◆ **What this task involves**
Down to the last line, print the data that follows exactly, without its pictures.

◆ **Provided material**
****************************************

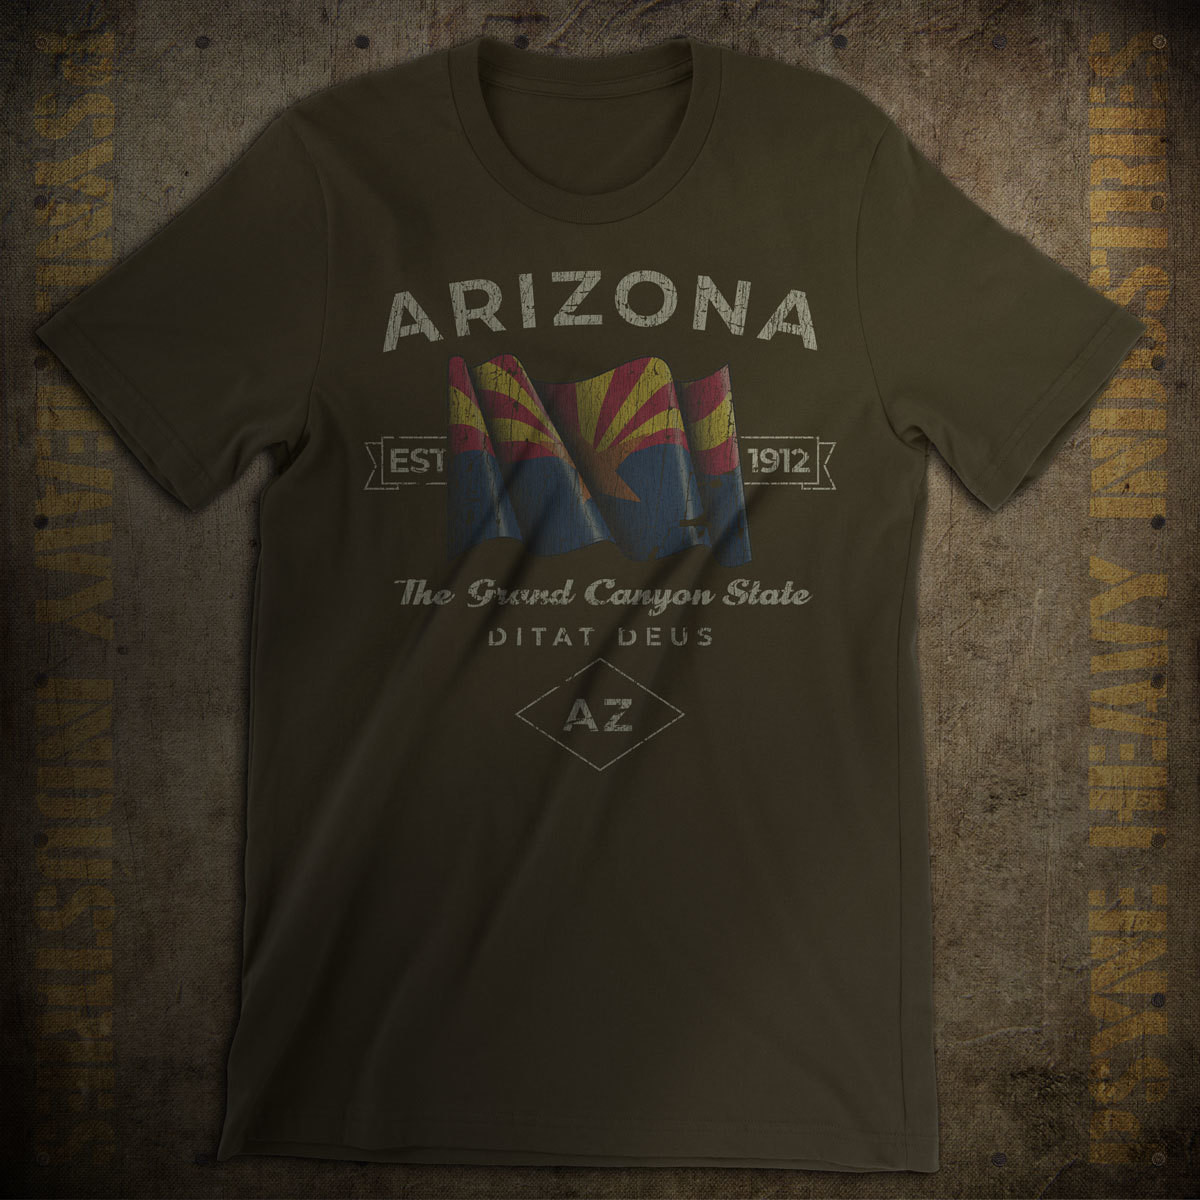 Arizona 1912 Vintage T-Shirt
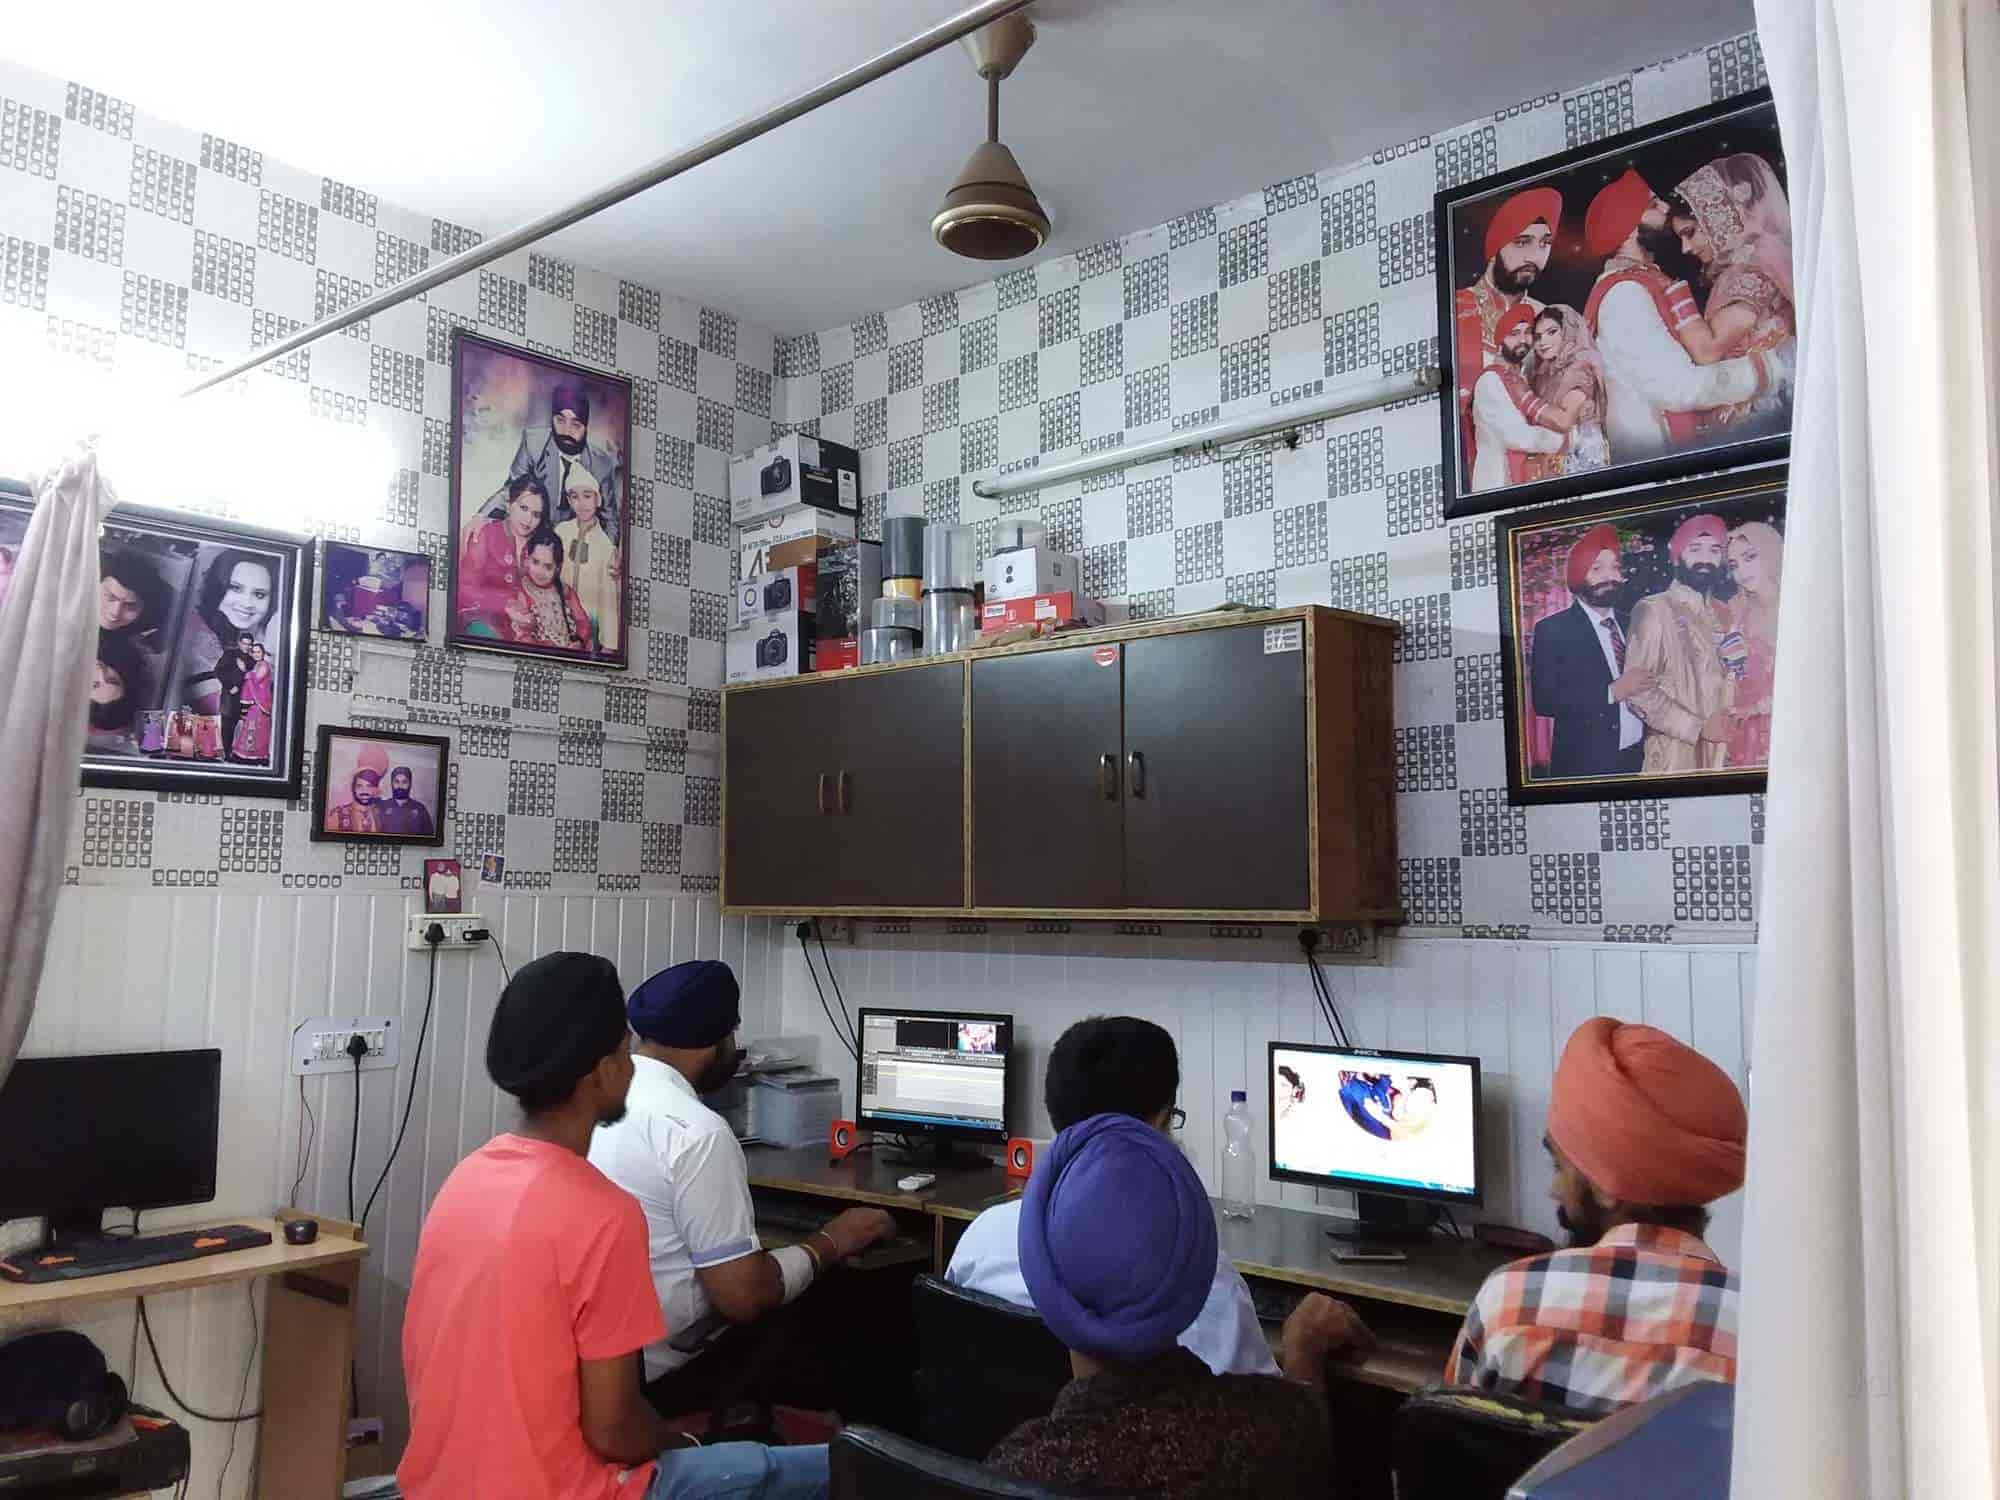 Target Digital Video Studio Photos, Vishnu Garden, Delhi- Pictures
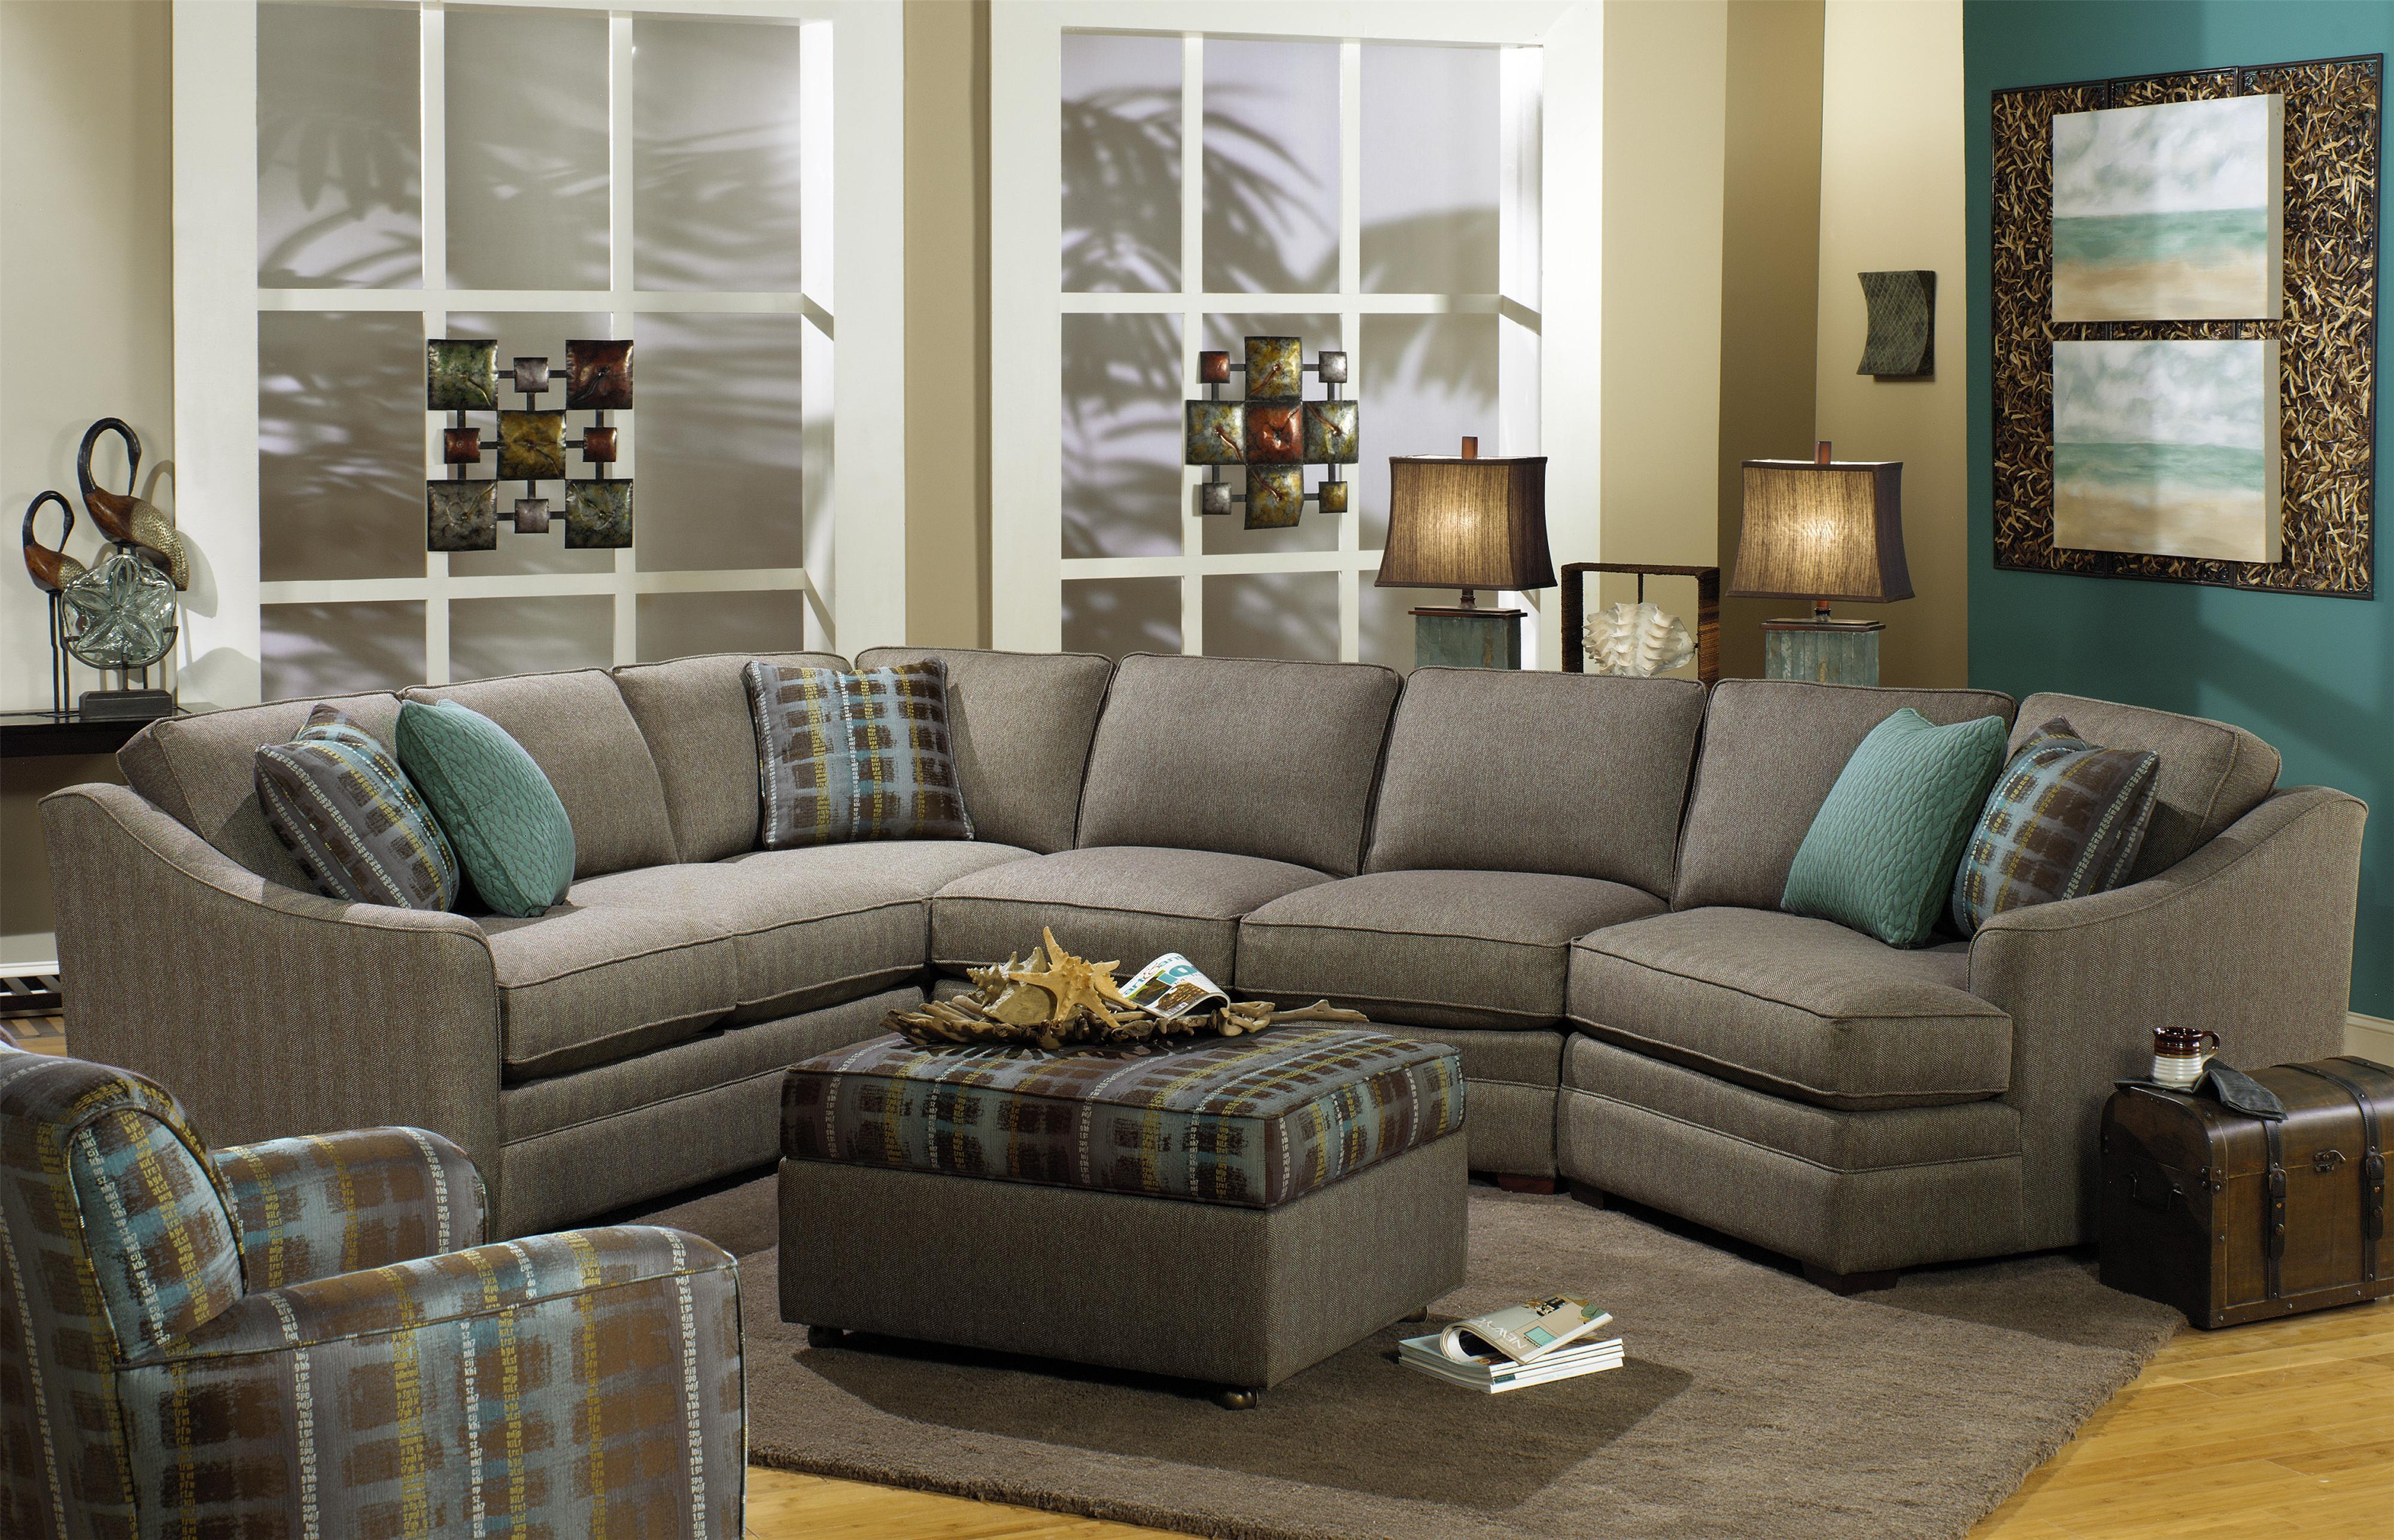 broyhill sofa nebraska furniture mart king hickory quality craftmaster f9 custom collection customizable 3 piece

****************************************

◆ **Completed task**
 Arizona 1912 Vintage T-Shirt
 Target Digital Video Studio Photos, Vishnu Garden, Delhi- Pictures
 broyhill sofa nebraska furniture mart king hickory quality craftmaster f9 custom collection customizable 3 piece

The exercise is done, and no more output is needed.